Effortless Out-of-the-Box Redaction
If you need to quickly redact the most common types of Personally Identifiable Information (PII) without writing any configuration files, this is the mode for you.

How It Works
When you apply the @redact_pii() decorator to a function without passing any arguments, it activates a simple and predictable set of rules:

The Trigger: This mode is used when the decorator is empty:

```python

@redact_pii()
def my_function():
    ...
```
The Rule Set: It exclusively uses the pii_keys list from the global section of your configuration.

If you have a piredactor.yaml or pii_config.json file in your project's root directory, it will use the global.pii_keys list from that file.

If you don't have a configuration file, it falls back to the default list of common PII keys that ships with the package (including "email", "phone", "ssn", "name", "address", etc.).

The Matching Logic: It performs an exact, case-sensitive match on the key names in your data.

What Is Ignored: For simplicity and speed, this mode intentionally ignores all advanced features.
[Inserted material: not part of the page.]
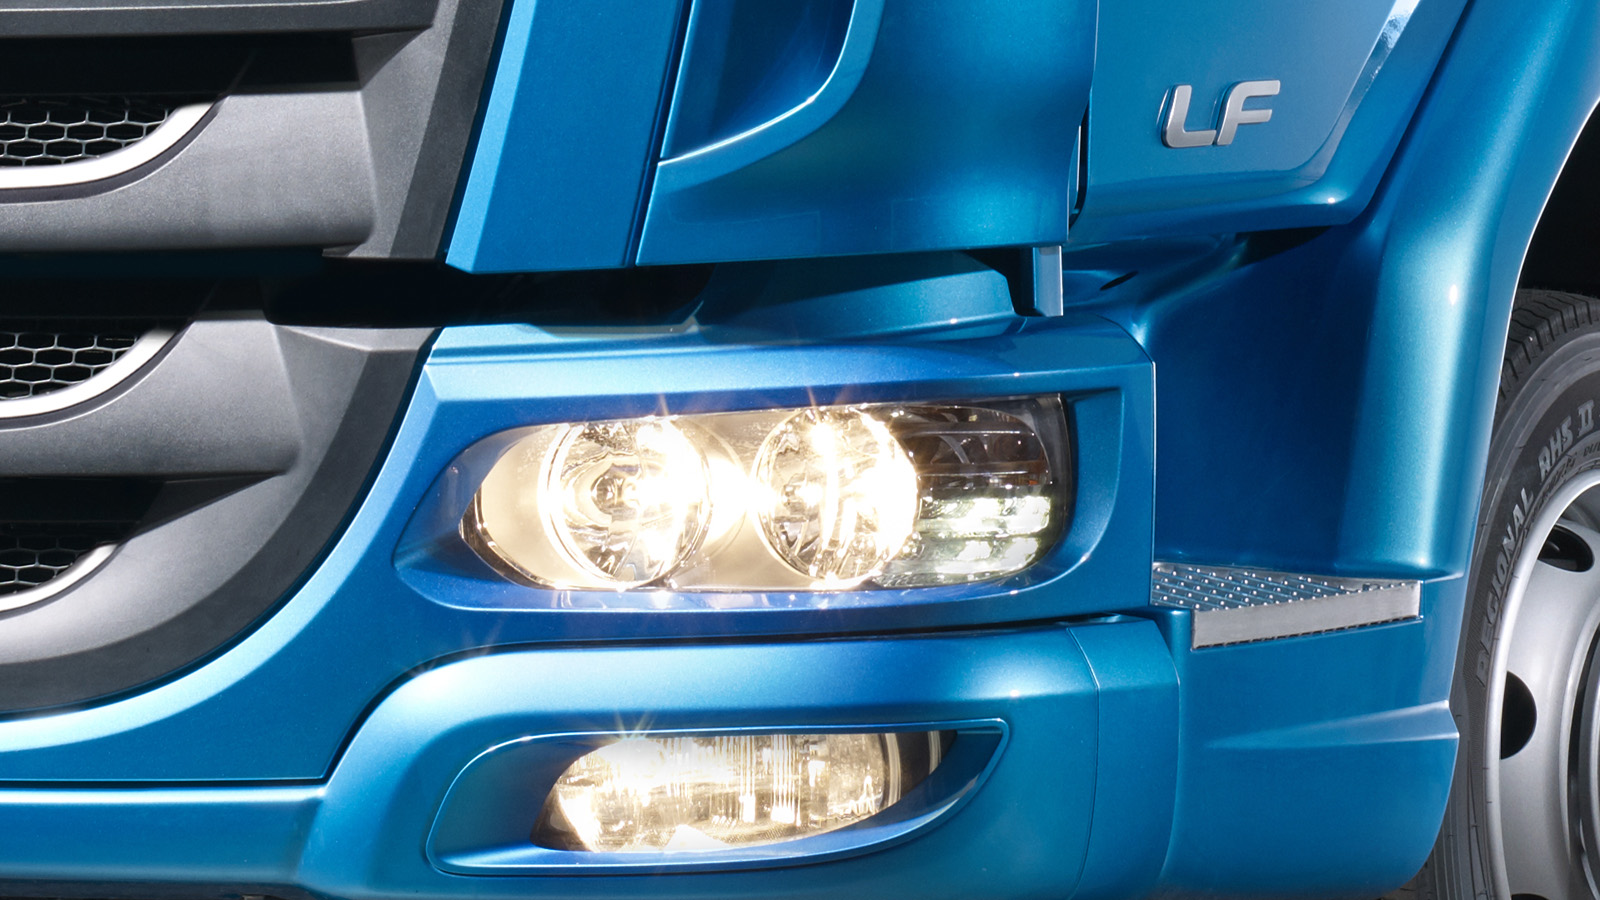 DAF The New LF features

The following have no effect:

- regex_keys

- partial_match

- strict_validation

Any custom schemas or value-based rules.

Example
Let's see it in action. You have a function that returns a dictionary with various keys.

Your Python Code:
```python

from piredactor import redact_pii

# We apply the decorator with no arguments
@redact_pii()
def get_user_summary():
    """
    This function returns data with some keys that are in the default
    pii_keys list and some that are not.
    """
    return {
        "user_id": 101,
        "full_name": "Piyush Chauhan",   # This key is NOT in the default list
        "name": "Piyush",                # EXACT MATCH -> This will be redacted
        "email": "piyush@example.com",   # EXACT MATCH -> This will be redacted
        "user_token": "abc-123-xyz",     # This key would match a regex, but regex is ignored here
        "is_active": True
    }

# Let's see the output
redacted_data = get_user_summary()
print(redacted_data)
```
Output:

```json

{
  "user_id": 101,
  "full_name": "Piyush Chauhan",
  "name": "***",
  "email": "***",
  "user_token": "abc-123-xyz",
  "is_active": true
}
```
As you can see, only the keys that had a perfect, exact match in the pii_keys list ("name" and "email") were redacted. The other keys were left untouched.

## When to Use This Mode
For quick setup in new projects.

For simple applications or scripts where key names are consistent and match common PII types.
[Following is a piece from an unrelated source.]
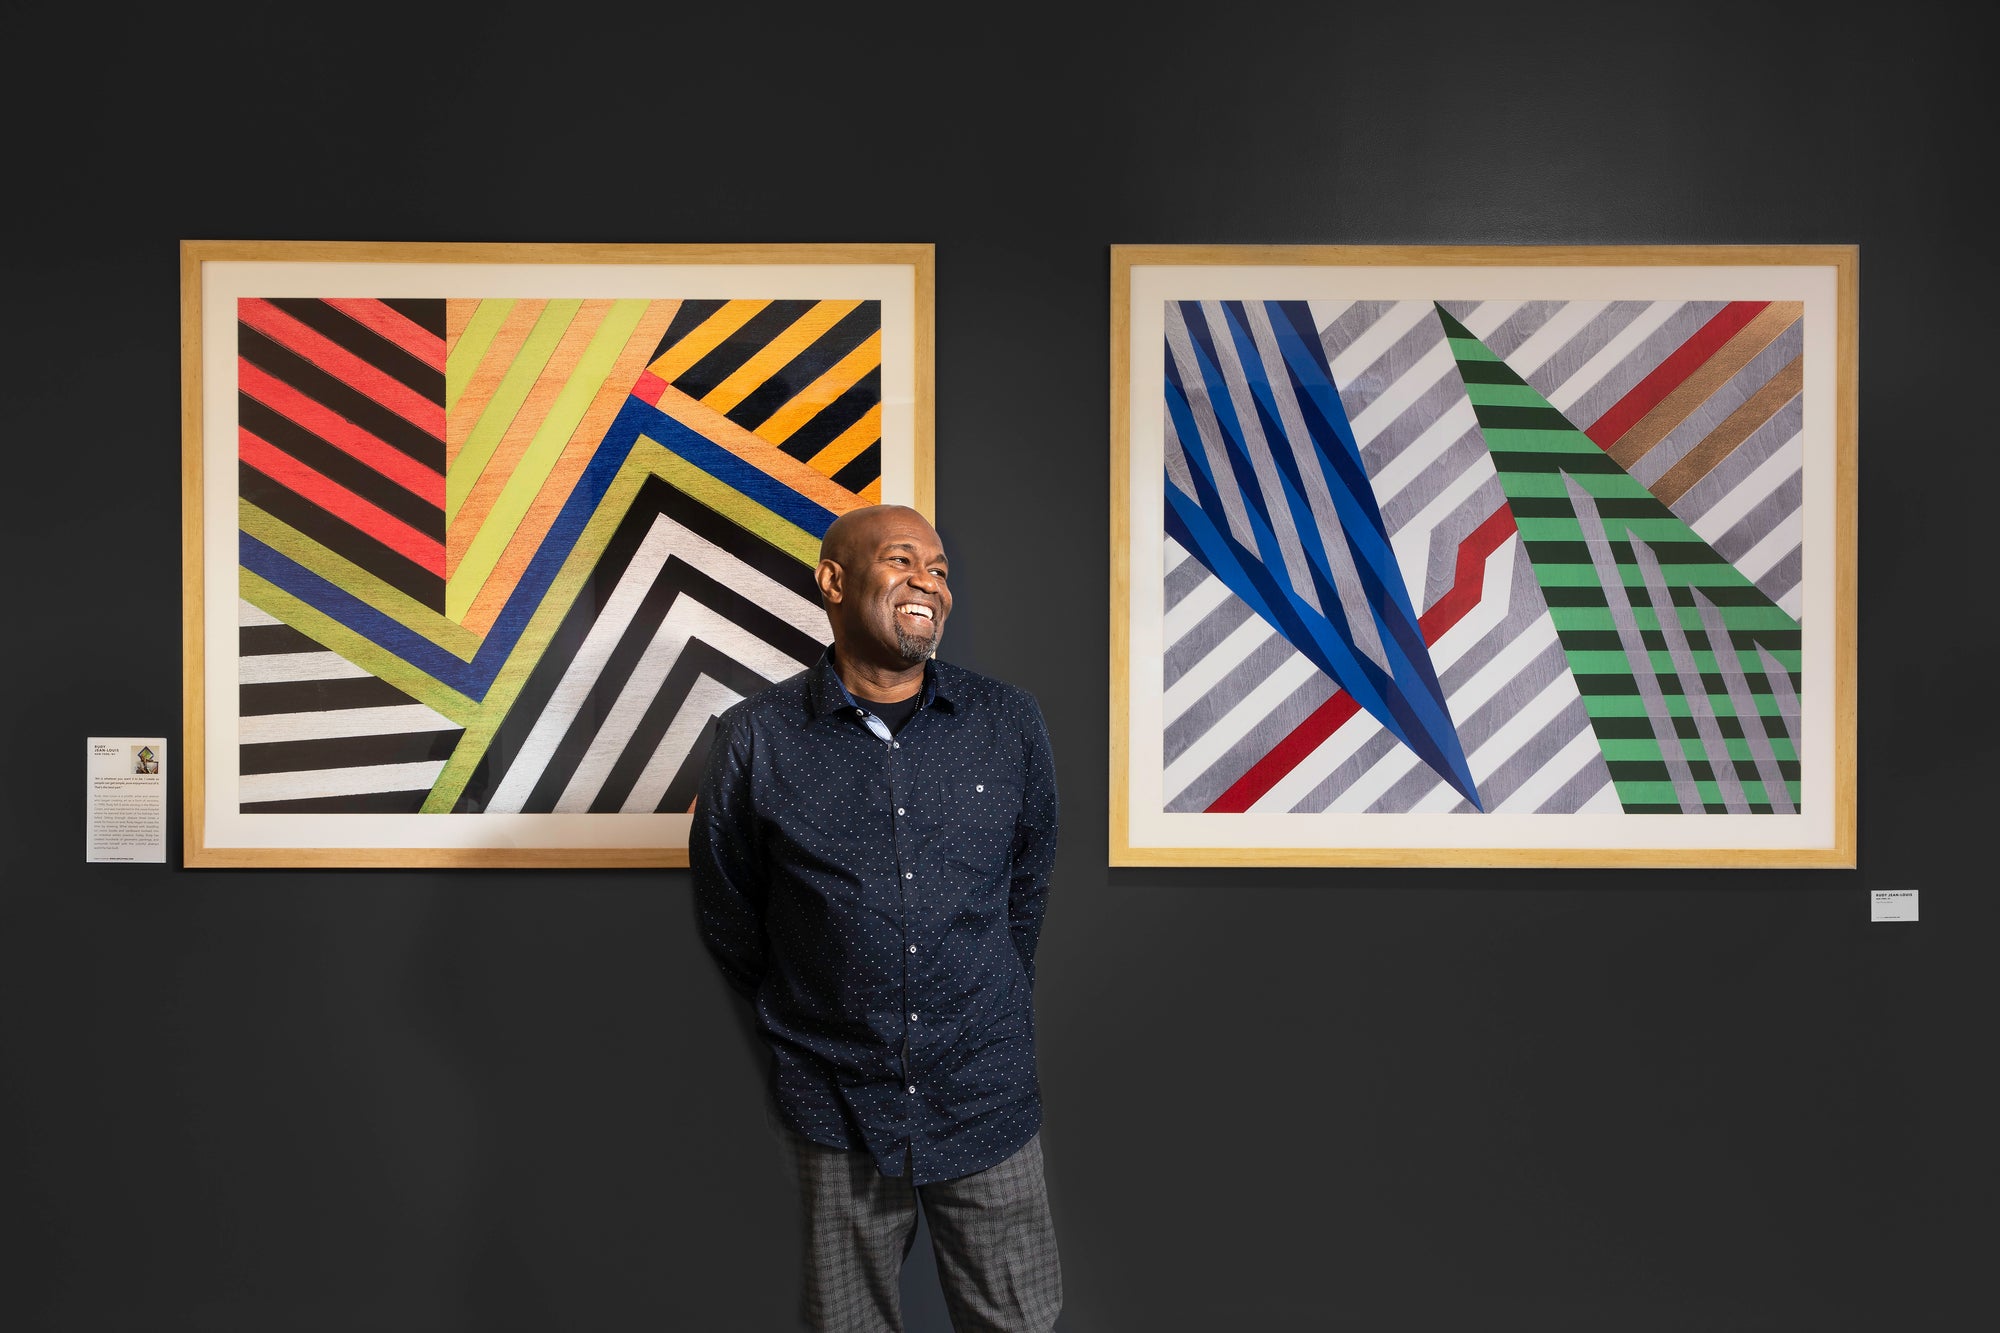 ArtLifting local artist Rudolph Jean-Lous stands in front of his artwork at a Bank of America financial center in New York.

When you want predictable, safe redaction without needing to manage complex rules.

# ⚙️ Mastering the Decorator: All Parameters Explained
The `@redact_pii decorator` is the heart of the piredactor package. While it works out-of-the-box with no arguments, you can fine-tune its behavior with a set of powerful optional parameters.

Here is a detailed guide to every parameter, what it does, and when you should use it.

## config_key
- Type: str

- Optional: Yes

- Default: None

This is the most important parameter as it determines which mode of operation the decorator will use.
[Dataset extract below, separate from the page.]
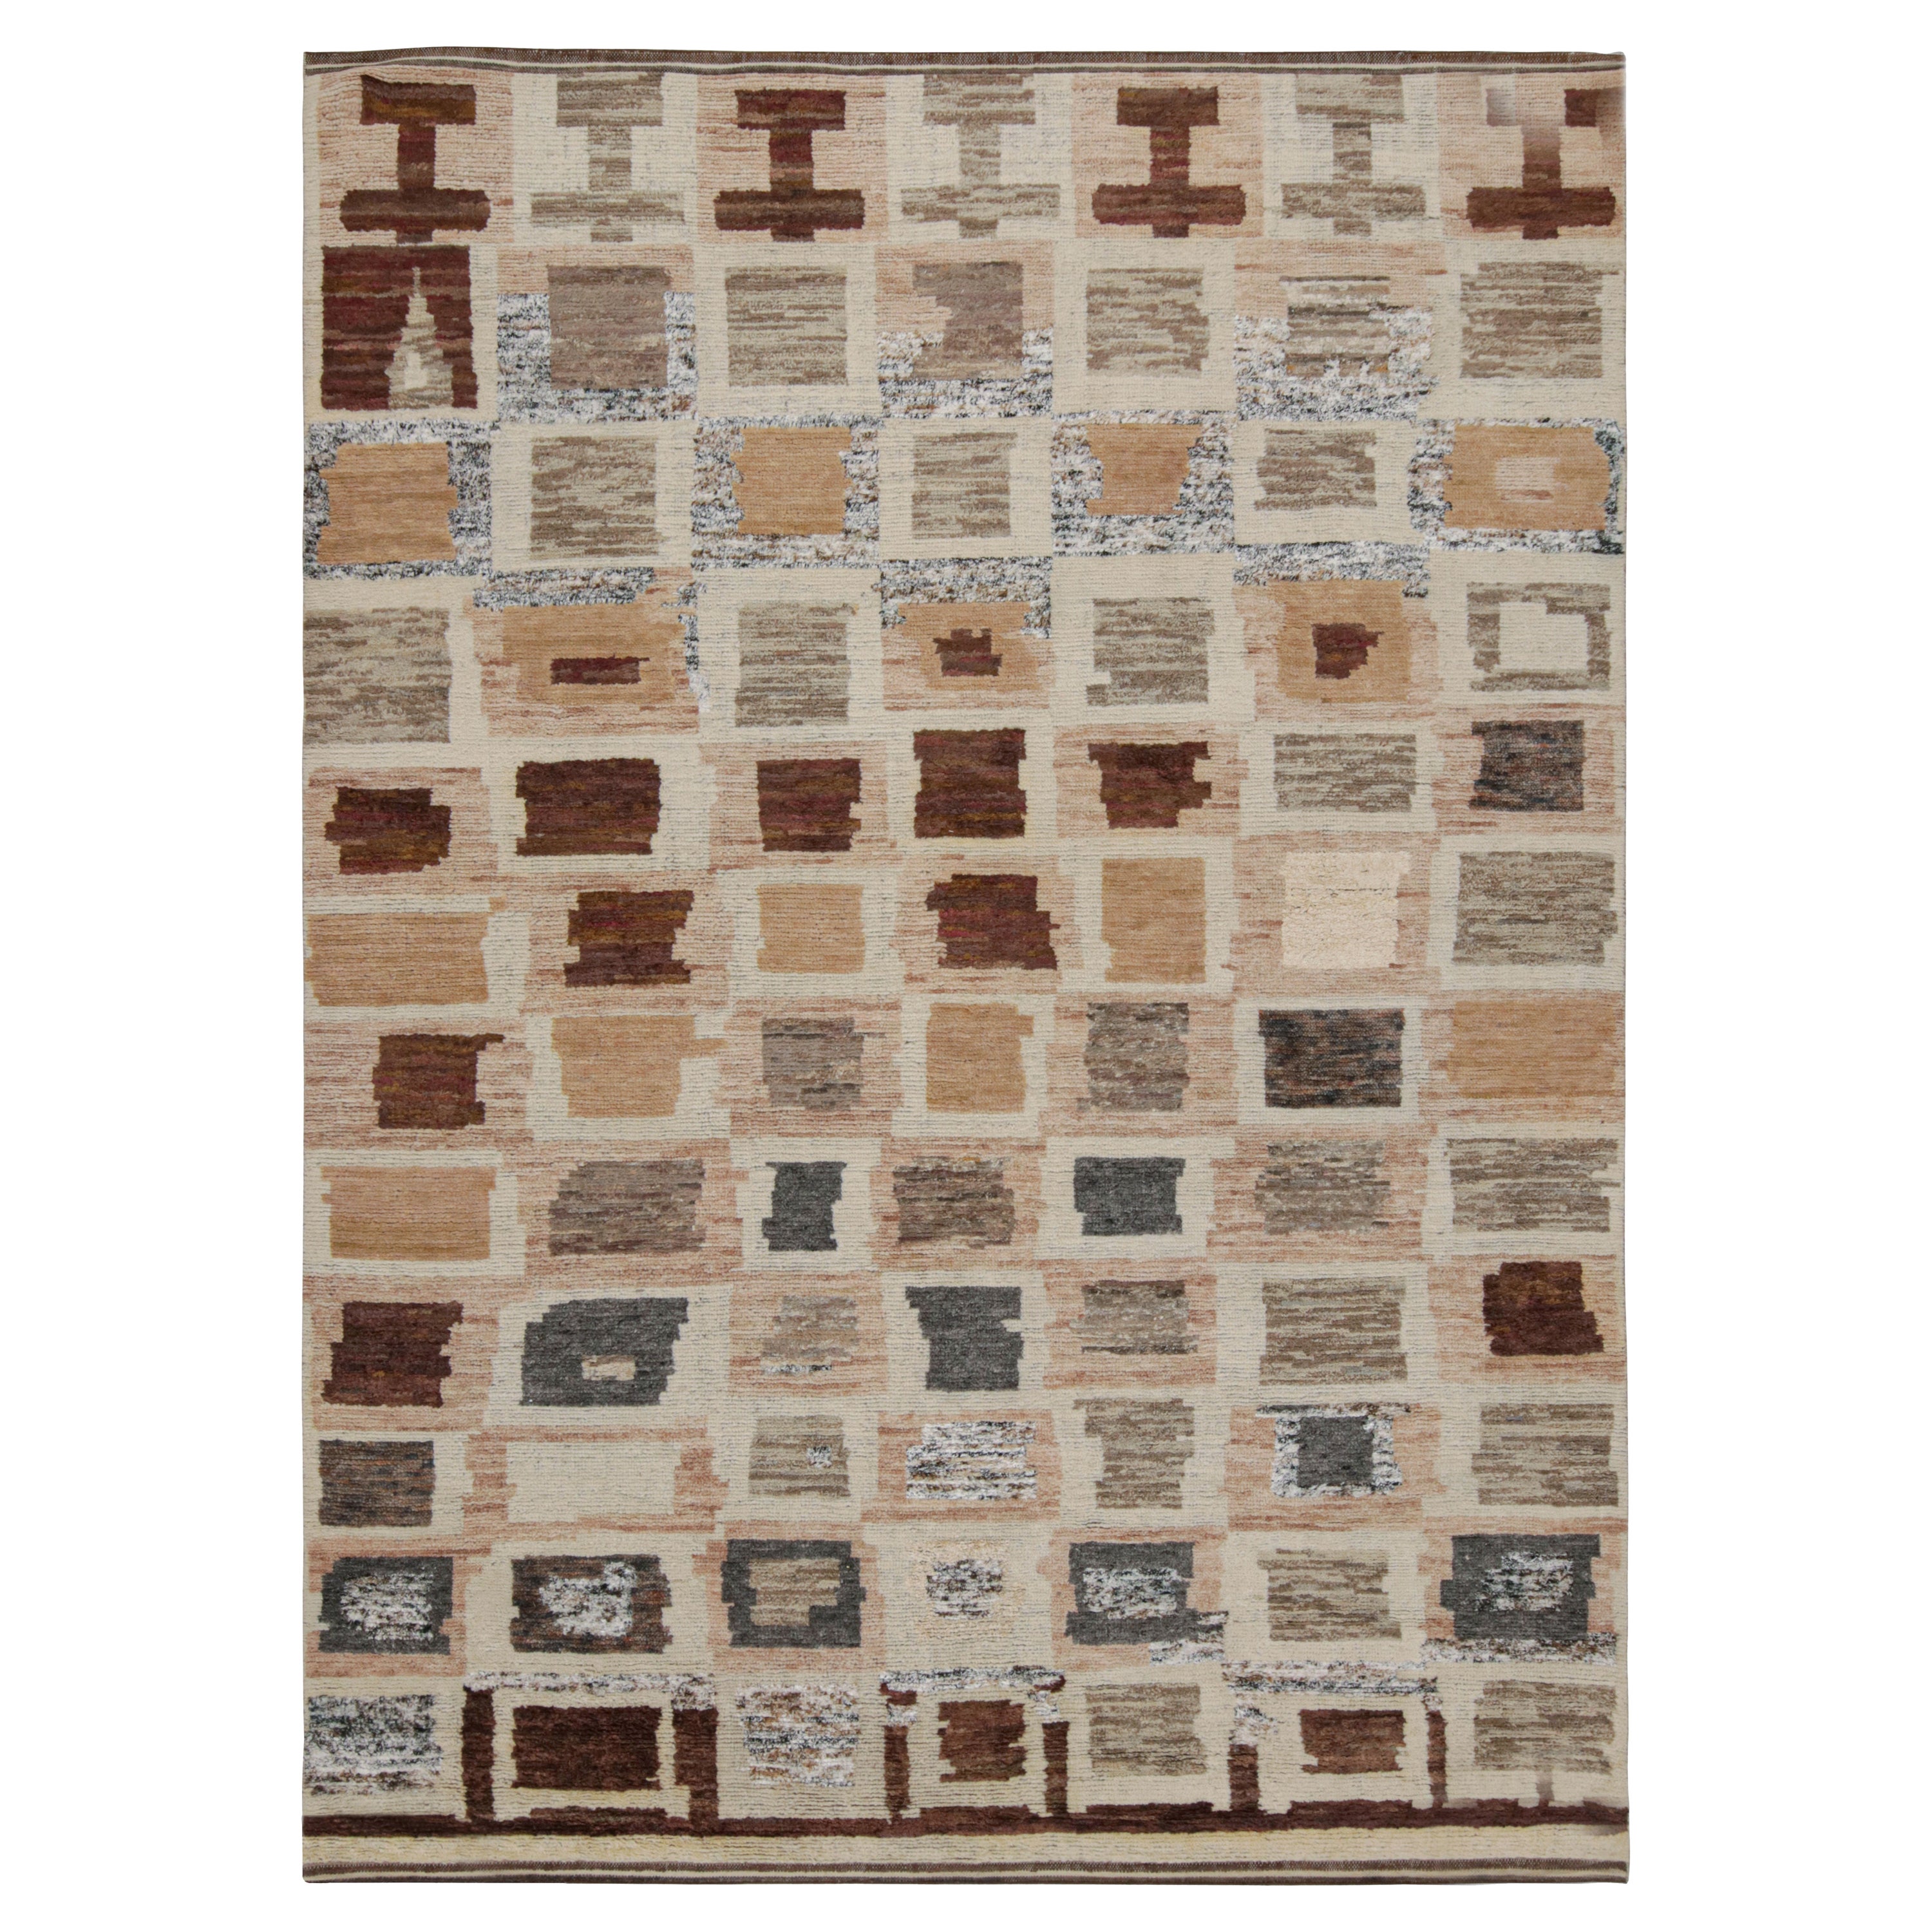 Rug & Kilim’s Geometric Moroccan Style Rug in Beige-Brown and Gray For Sale

What it does: It activates the powerful Schema-Based Mode by telling piredactor which specific schema block to use from your configuration file. The string you provide must match a top-level key in your piredactor.yaml or JSON file.

When to use it: Use this whenever you need precise control over the redaction logic for a specific data structure. If you omit this parameter, the decorator runs in the simple, zero-config Automatic Mode.

`Example:`
```python
#This tells the decorator to find the 'user_profile' block in your config and use the schema defined within it.
@redact_pii(config_key='user_profile')
def get_user_with_schema():
    return {"user_id": 123, "name": "Piyush Chauhan"}
```

## config_path
- Type: str

- Optional: Yes

- Default: None

`What it does:` It provides an explicit path to a configuration file. This overrides the package's automatic discovery mechanism (which looks for piredactor.yaml, etc., in the current directory).

`When to use it:`

When your configuration file is located in a different directory (e.g., /etc/app/config/).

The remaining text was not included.